I'm trying to get the text Something here I want to get inside the div element from a html file using Python and BeautifulSoup.
This is how part of the code looks like in html:
<div xmlns="" id="idp46819314579224" style="box-sizing: border-box; width: 100%; margin: 0 0 10px 0; padding: 5px 10px; background: #d43f3a; font-weight: bold; font-size: 14px; line-height: 20px; color: #fff;" onclick="toggleSection('idp46819314579224-container');" onm ouseover="this.style.cursor='pointer'">Something here I want to get<div id="idp46819314579224-toggletext" style="float: right; text-align: center; width: 8px;">
-
</div>
</div>
And this is how I tried to do:
vu = soup.find_all("div", {"style" : "background: #d43f3a"})
for div in vu:
print(div.text)
I use loop because there are several div with different id but all of them has the same background colour.
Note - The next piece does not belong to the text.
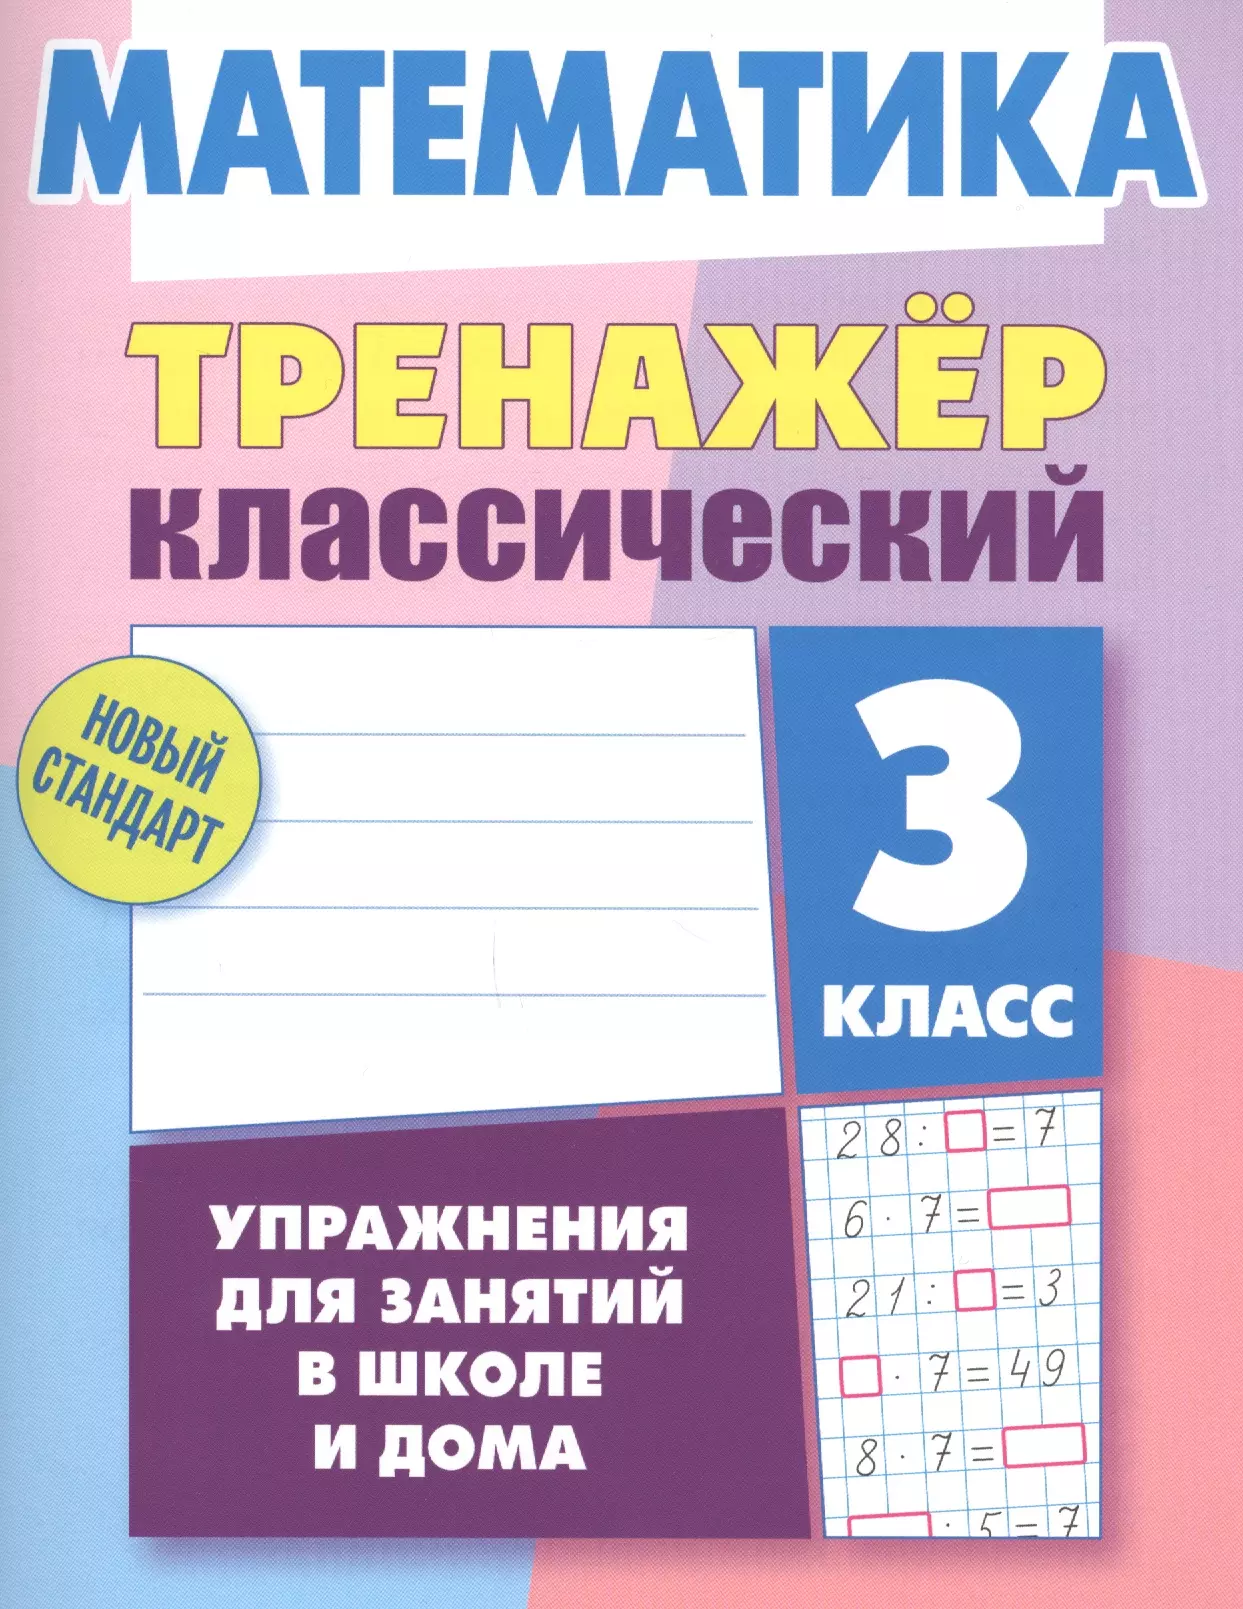 Ульянов Д. В. Математика. 3 класс

It has no errors, but I got no output.
How can I get the text using the background colour as the condition?
CodePudding user response:
The style attribute has other content inside it
style="box-sizing: ....; ....;"
Your current code is asking if style == "background: #d43f3a" which it is not.
What you can do is ask if "background: #d43f3a" in style -- a sub-string check.
One approach is passing a regular expression.
>>> import re
>>> vu = soup.find_all("div", style=re.compile("background: #d43f3a"))
...
... for div in vu:
... print(div.text.strip())
Something here I want to get
You can also say the same thing using CSS Selectors
soup.select('div[style*="background: #d43f3a"]')
Or by passing a function/lambda
>>> vu = soup.find_all("div", style=lambda style: "background: #d43f3a" in style)
...
... for div in vu:
... print(div.text.strip())
Something here I want to get